ARF6 is a potential therapeutic target for oncogenic GNAQ-driven tumors

The finding that the activation state of ARF6 regulates multiple oncogenic GNAQ signaling pathways by controlling the intracellular localization of GNAQQ209L suggested that ARF6 may be a viable therapeutic target for GNAQ-mediated tumorigenesis. We tested this hypothesis in an orthotopic xenograft mouse model of uveal melanoma. Stable uveal melanoma cells expressing either short hairpin RNAs (shRNA) directed against ARF6 or a non-specific control sequence were generated by lentiviral infection of Mel202 cells. These cells were injected into the posterior vitreous chamber of the eyes of immunocompromised nude mice. Tumor incidence and size were markedly decreased in mice injected with Mel202 cells expressing ARF6 shRNA compared to mice injected with cells expressing control shRNA (Figure 8A and 8B).

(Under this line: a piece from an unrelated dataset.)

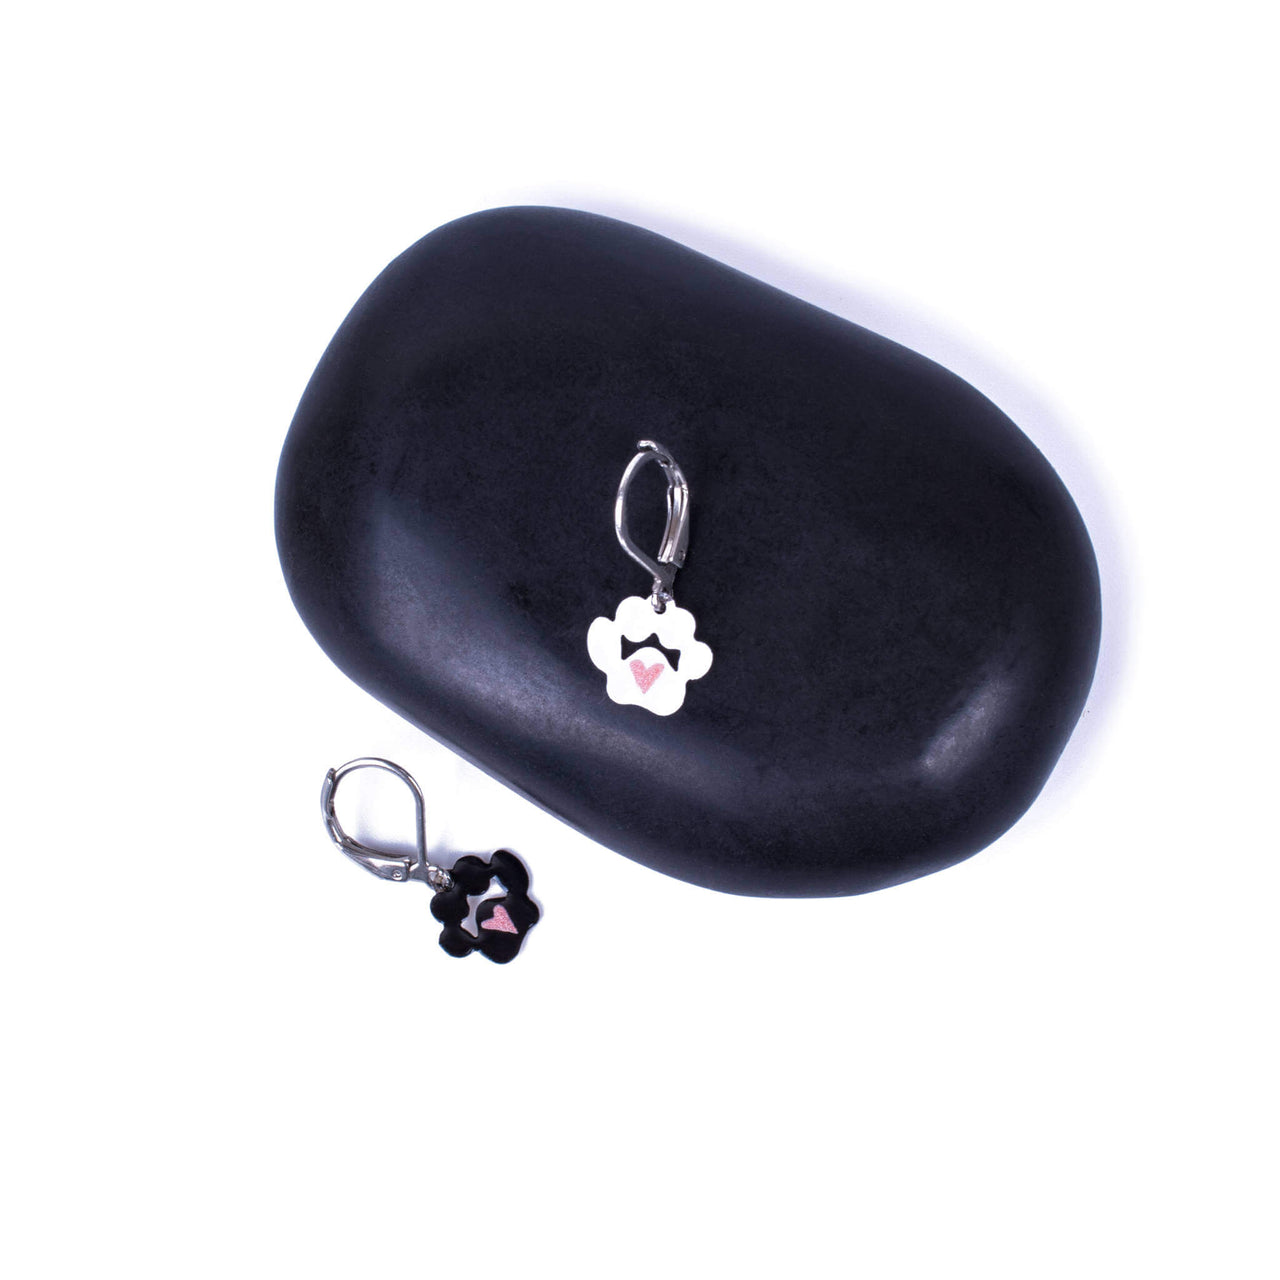 Mismatched Black and White Dog Paw Leverback Earrings

Systemic treatment by intraperitoneal injection of the direct ARF6 inhibitor NAV-2729 also significantly reduced uveal melanoma tumor establishment and growth in an orthotopic xenograft mouse model (Figure 8C and 8D). No signs of toxicity were observed in these studies or in other studies in which the drug was used at the same dosage (Figure S7, Tables S1S3). Collectively, these results suggest that the pharmacological inhibition of ARF6 may represent an effective therapeutic approach to the treatment of uveal melanoma and possibly other cancers driven by activating Gα mutations.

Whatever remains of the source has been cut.